Rhoda Au: It’s still part of a later study. So we only have done the proof of concept so far. We have almost 9,000 recordings from 2005 until now and we only took a subset of 200 recordings. It’s a fair amount of work to process these recordings in a proper way for analysis. We have collected some of these recordings longitudinally and some of those people have progressed to Alzheimer’s disease. Now, we’re in a position where we can go back and look at their recordings earlier on to see if we can see some of those signals that would then separate who goes on to the path of Alzheimer’s disease versus not. That’s the stage we’re at right now. As a researcher, I have to get funding for the research that I do, and we’re seeking those opportunities to look at it longitudinally. I think that’s where we’ll be able to determine whether we can find these cognitive biomarkers in people’s voices.

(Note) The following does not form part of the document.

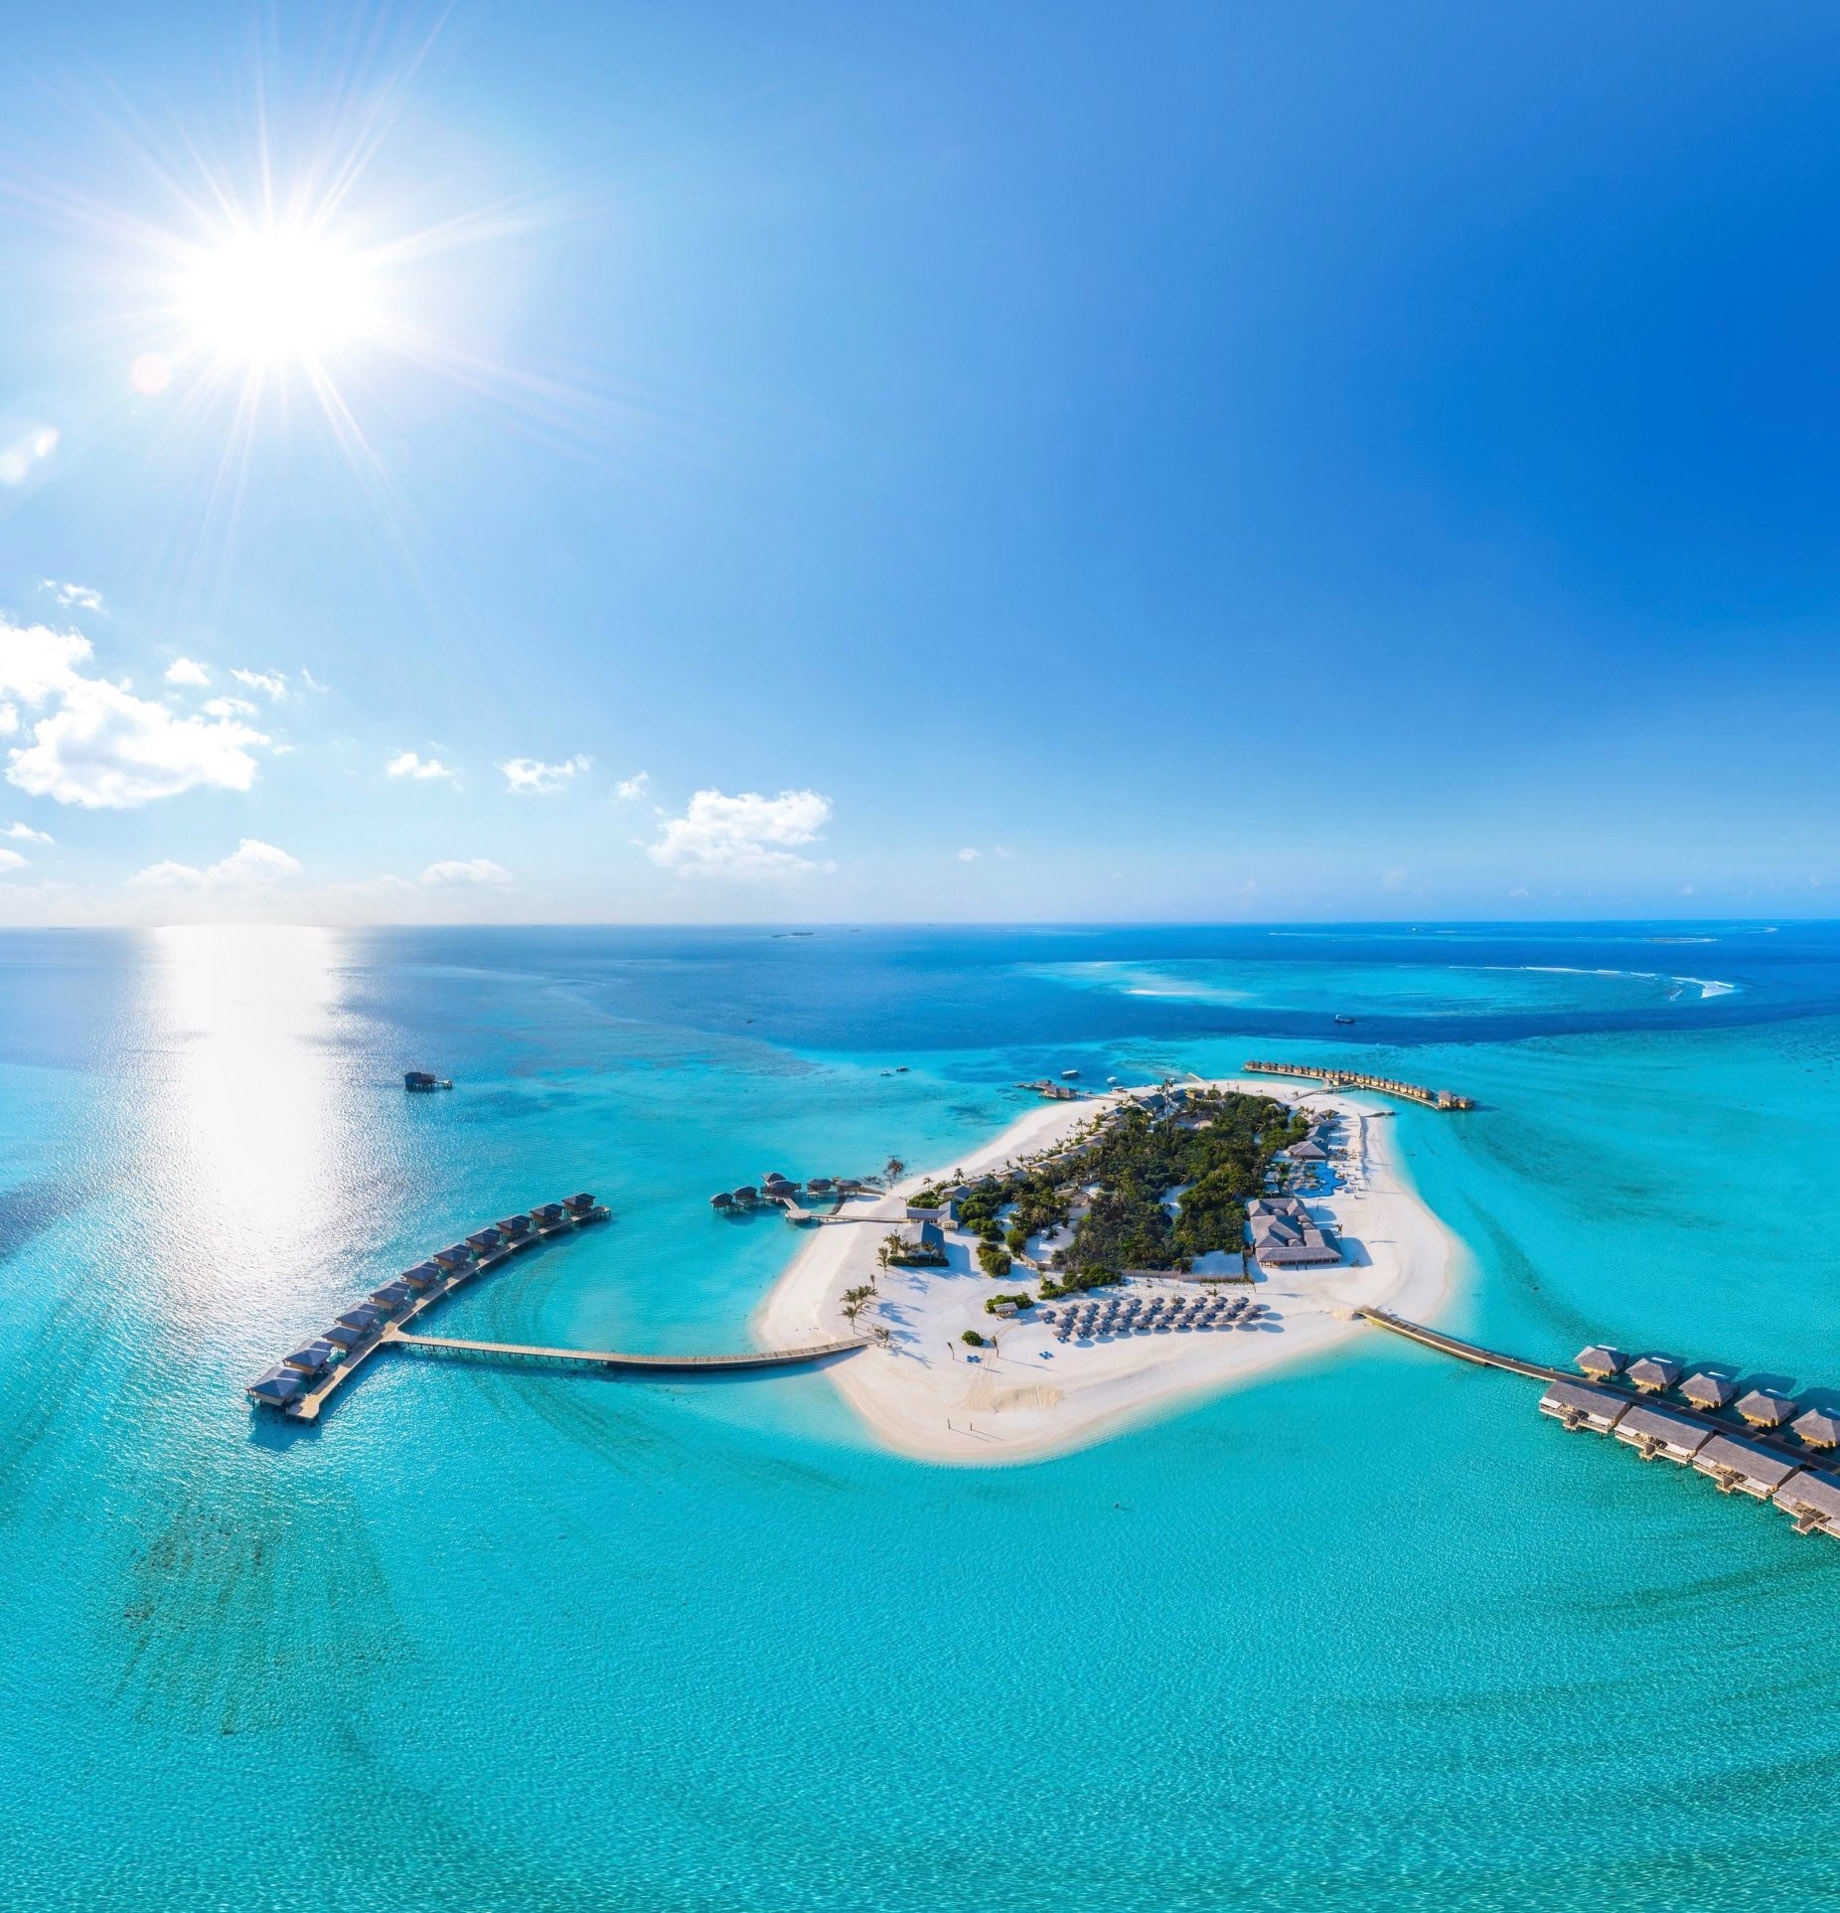 You & Me Maldives Resort – Uthurumaafaru, Raa Atoll, Maldives – Resort Aerial View

Can Your Handwriting Also Indicate Alzheimer’s Risk?
Being Patient: You’re also using a digital pen to study whether someone’s writing can predict if they will develop Alzheimer’s. Can you tell us more about that research?
Rhoda Au: We started using the digital pen at Framingham in 2011 with a clock drawing test. This was not something that I developed. These were colleagues at MIT and Lahey [Hospital] who had developed the technology of using the pen and then interpreting the pen strokes that were gathered from this digital pen into derived measures.
In the same way that I talked about looking at the voice, there’s a lot of indices that you can pick up on when you’re tracking that kind of behavior.
For instance, if you think about a clock drawing test, we can talk about how long it takes you to draw the clock face, the length of pauses between drawing the clock face and drawing the next thing that’s a decision-making pause. So when you’re constructing this whole clock, we’re able to pick up on where you’re making decision-making points. Those decision-making latencies, as they get longer, may be a reflection that there are changes going on in your underlying ability to do cognitive processing. That would be an example.
We have been playing around with a Bluetooth pen. We’re working with colleagues at Shanghai University and looking at when the pen is on paper versus off paper so we can differentiate thinking time versus actual drawing time. We can detect things like hovering, so are you holding that pen in the air? We can also look at thinking, or are you moving that pen around to figure out where to go next? This just gives us further insight.
We like to think about all of this as giving us a little window into the brain as people are actually doing the task itself. So hopefully, 10–20 years from now, these studies will be very successful in determining cognitive decline at a much earlier stage.